You would have seen us fanning ourselves and opening windows to counteract the lava-like heat of the oven, stovetop and toaster working in unison.  You might have also seen me at 2:30am, getting up to pee for the 67th time and wondering why the house was only 59 degrees, until I awoke from my stupor and shut the windows.

You would have seen the teenagers sigh after being caught texting in their laps during dinner, and you would have seen the adults, full and happy after supper, sitting in companionable silence as we all zoned into our phones.

You would have seen Cael gobbling up his plate of food in a spectacular fashion, as if his chance at pie was on the line, and Graham, alone at the table 55 minutes later pushing around the same six pieces of turkey that were placed on his plate at the beginning of the meal.

You would have seen me doing dishes and not paying attention while my dog devoured a turkey thigh and what looked like a wooden spoon.
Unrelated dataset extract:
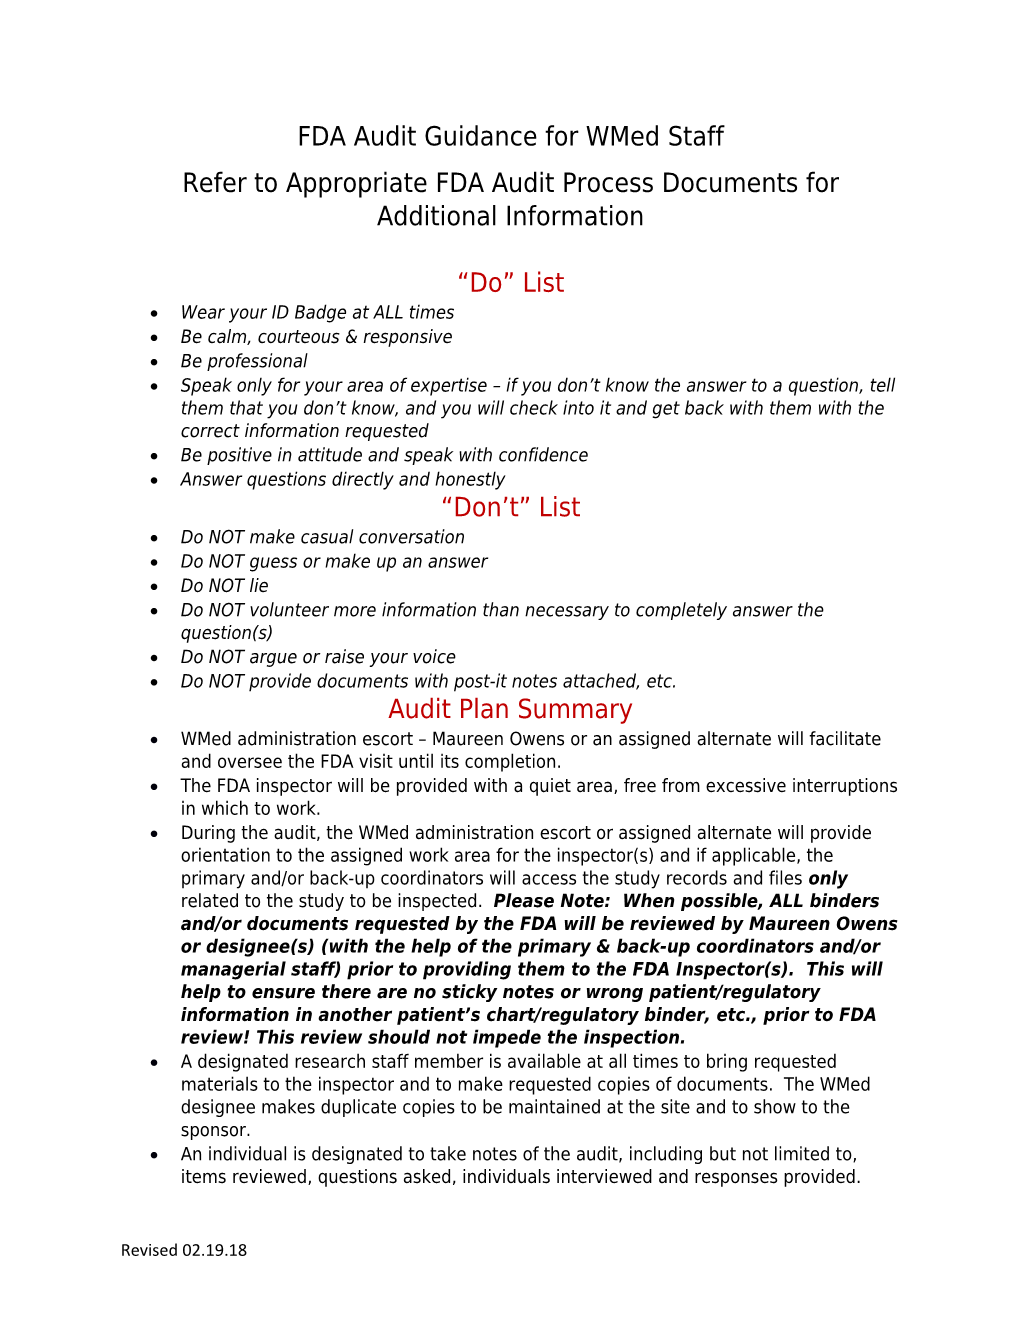 FDA Audit Guidance for Wmed Staff

You would have seen my sisters and I strategizing about Christmas gifts and how to best take advantage of the big sales without having to deal with the maniacal Black Friday shoppers.  You would have eventually seen the three of us in a line at Ulta anyway, buying things for ourselves and not feeling even a little bit guilty.  We earned it.  We had to deal with those people crazy enough to go out.  Oh, wait...

You would have seen Sarah and I laughing hard enough to wipe away tears while sorting through my Mom's old jewelry box filled with gaudy 80's necklaces and enough pins and brooches to stock a jewelry counter.  You would have seen us double over when we discovered that one of the drawers was filled with her children's pulled baby teeth.

If I'd remembered to take some pictures, you might have seen it.  But instead, I was too busy cooking and eating and laughing; making memories.

I hope you had a photo-free Thanksgiving yourself, and I hope you left some stuffing for me!